※本記事の情報基準日:2026年4月
目次
買い付け申込書(購入申込書)とは
不動産の買い付け申込書(購入申込書)は、買主が売主に対して「この物件をこの価格・条件で購入したい」という意思を表示する書類です。売買契約書とは異なり、法的拘束力は原則としてありません。
買い付け申込書の法的効力
- 原則:法的拘束力はない:買い付け申込書は売買契約の前段階の意思表示であり、それだけでは法的に有効な契約は成立しない
- キャンセルの可否:手付金を支払っていない段階での申込みのキャンセルは原則自由にできる。ただし、売主や他の購入希望者に損害を与えた場合は不法行為(損害賠償)のリスクがある
- 手付金支払い後はキャンセルに手付金放棄が必要:売買契約書に署名・手付金を支払った後は、手付解除の条件(手付金の放棄または倍返し)が適用される

買い付け申込書の主な記載事項
- 購入希望価格:指値(値引き希望額)を入れる場合は理由を添えると売主への説得力が増す
- 購入希望者の氏名・住所・連絡先
- 資金計画:現金購入か住宅ローン利用か。
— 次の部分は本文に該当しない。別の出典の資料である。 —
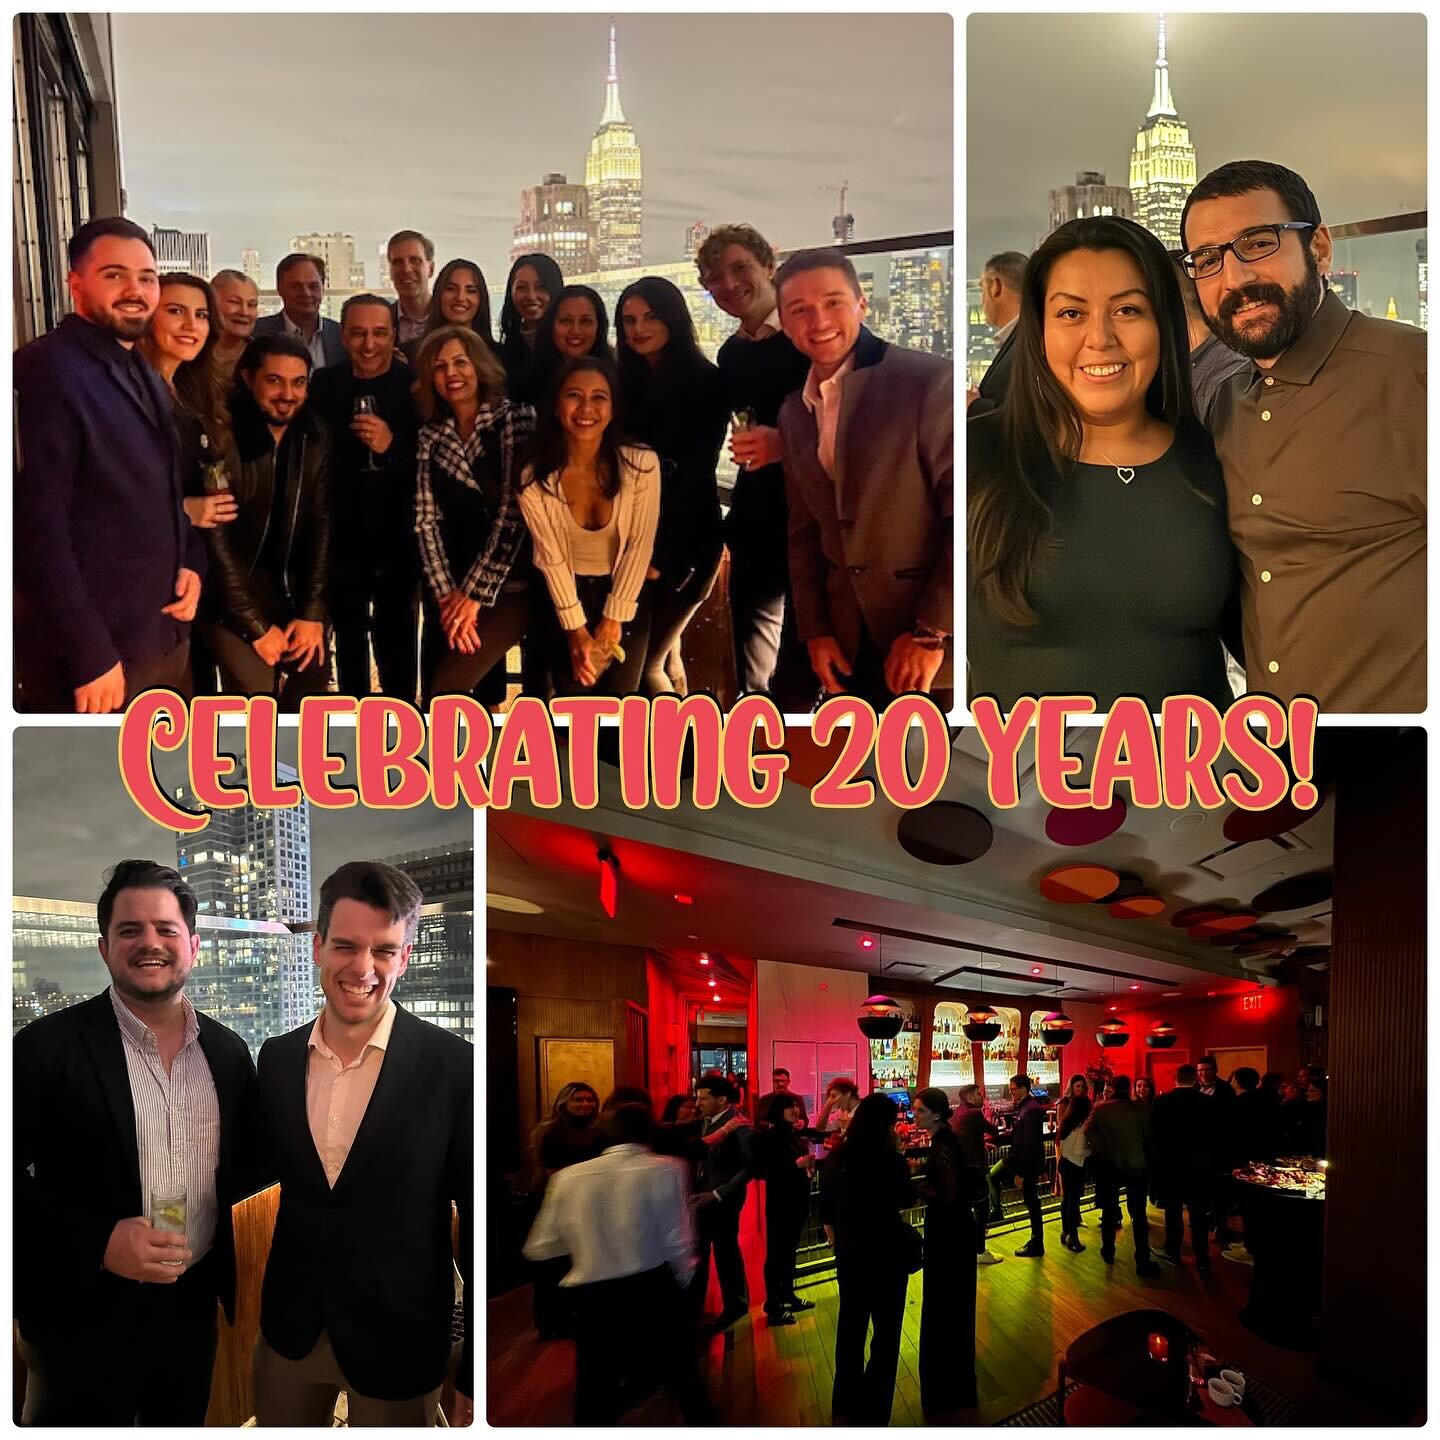 Last week, Atmosphere Design Group celebrated 20 years of business with staff, friends and clients at a rooftop celebration in NYC. We are proud of all that the Atmosphere team has accomplished in the past 20 years. We are grateful for all of our cli

融資利用の場合は金融機関名・融資金額
- 引渡し希望日:具体的な引渡し日程の希望
- 付帯条件:エアコン等の残置物の引き継ぎ、修繕の実施希望、インスペクション(建物状況調査)の実施希望等
- ローン特約の有無:融資が通らない場合に無条件解除できるローン特約の明記
複数の申込みが競合した場合の対応
- 人気物件では複数の買い付け申込みが同時に入ることがある
- 優先順位の判断は原則として売主・仲介業者が行う(早い者勝ち・条件の良さ等で判断)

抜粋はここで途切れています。